В день катастрофы специалисты АЭС и института "Донтехэнерго" должны были провести испытания доработанного блока "выбега" турбогенератора, являющегося элементом системы аварийного охлаждения реактора. Из-за ограничений диспетчера энергосистемы испытания несколько раз откладывали, а мощность реактора постепенно снижалась.

Чернобыльская АЭС, 1977 год.  Монтажные работы на пульте управления Чернобыльской АЭС.

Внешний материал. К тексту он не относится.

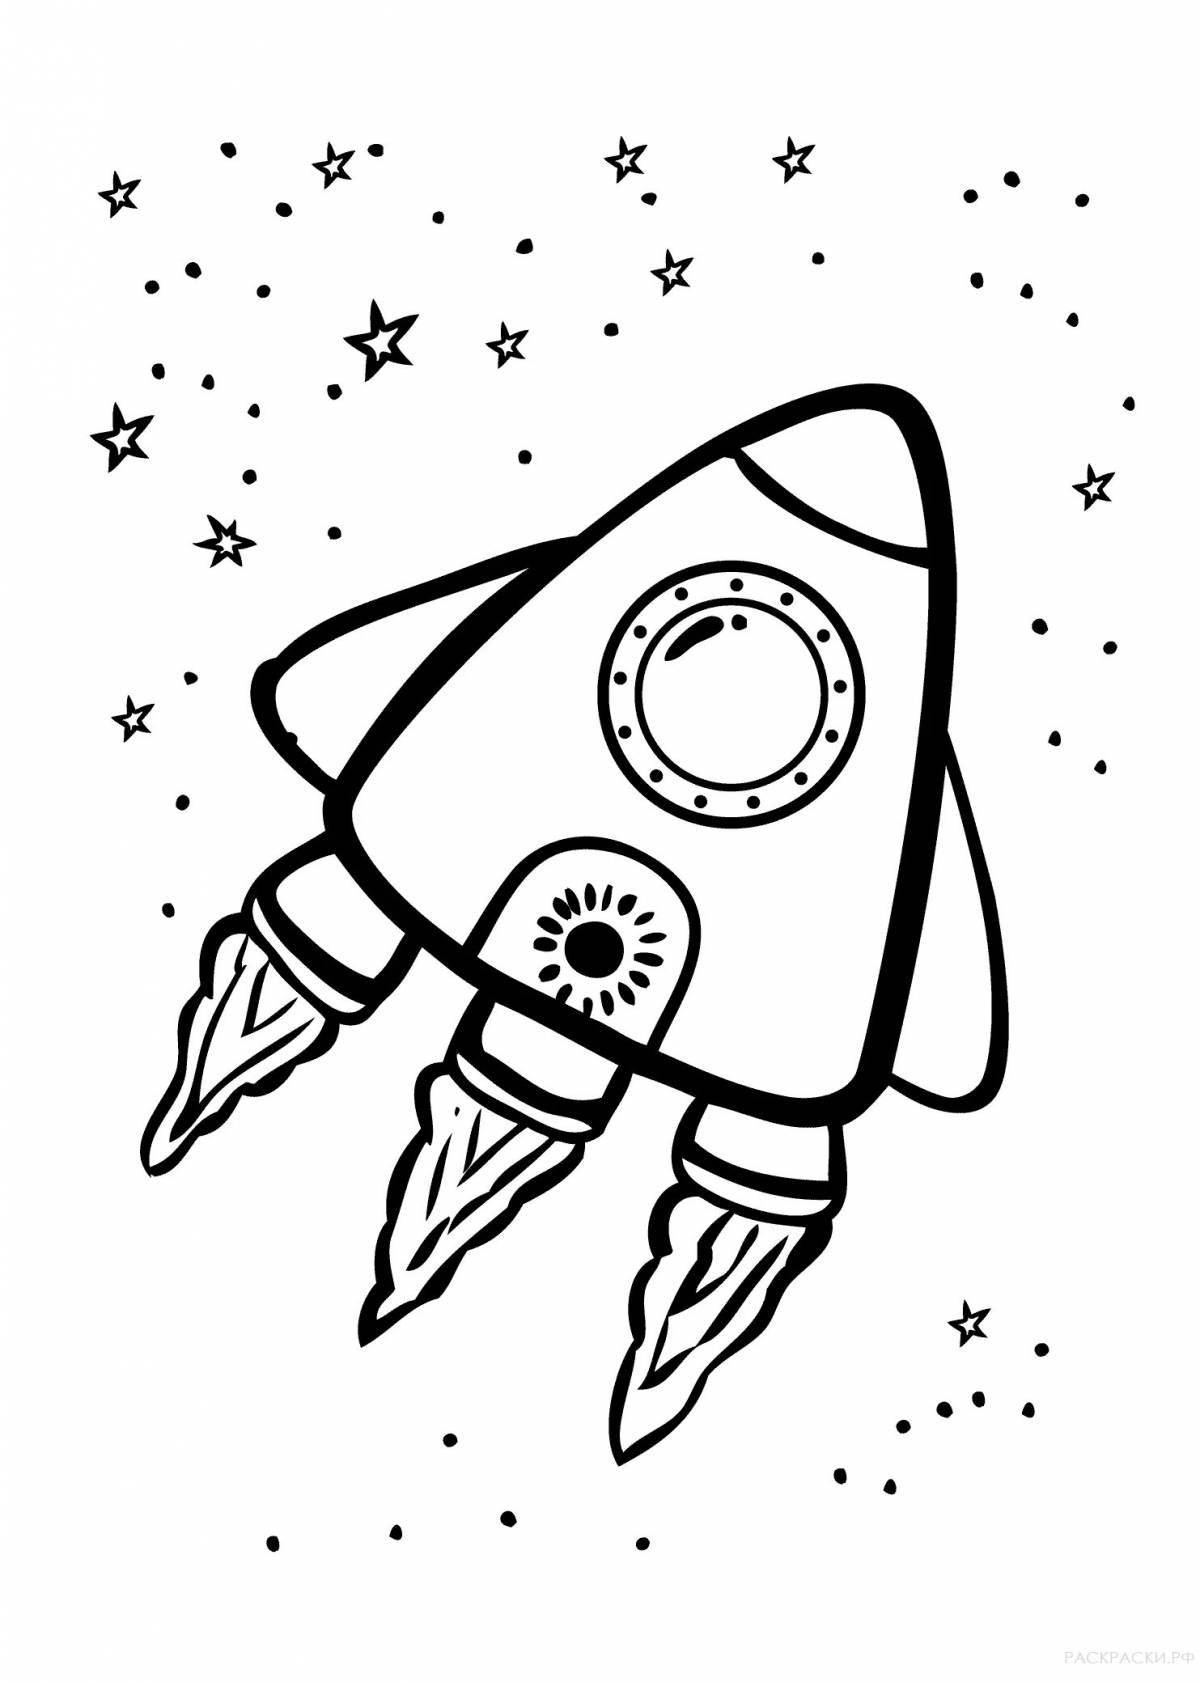 Color-lively rocket coloring page для детей 4-5 лет

Чернобыльская АЭС, 1977 год. Монтажные работы на пульте управления Чернобыльской АЭС.

© В.Лысенко / ТАСС

В 1:23 после окончания испытаний для остановки блока была нажата кнопка АЗ-5 (аварийная защита), и регулирующие стержни начали свое движение в активную зону. Однако вместо снижения мощности произошел ее бурный рост, что и вызвало взрыв реактора. Радиоактивное облако поднялось высоко в атмосферу и накрыло большую часть территории стран Европы и Советского Союза.

В ликвидации последствий аварии принимали участие более 800 тысяч человек, многие из которых перенесли лучевую болезнь и погибли. После катастрофы население было эвакуировано из 30-километровой зоны отчуждения вокруг станции, а эту территорию закрыли для проживания.

Авария на Чернобыльской АЭС приобрела широкий общественный резонанс, что впоследствии повлияло и на расследование ее причин. В качестве официальной версии было объявлено, что взрыв произошел в результате неправильных действий персонала, однако позже появилась версия о том, что на самом деле причиной катастрофы стали недостатки в конструкции реактора, системе его управления и защиты.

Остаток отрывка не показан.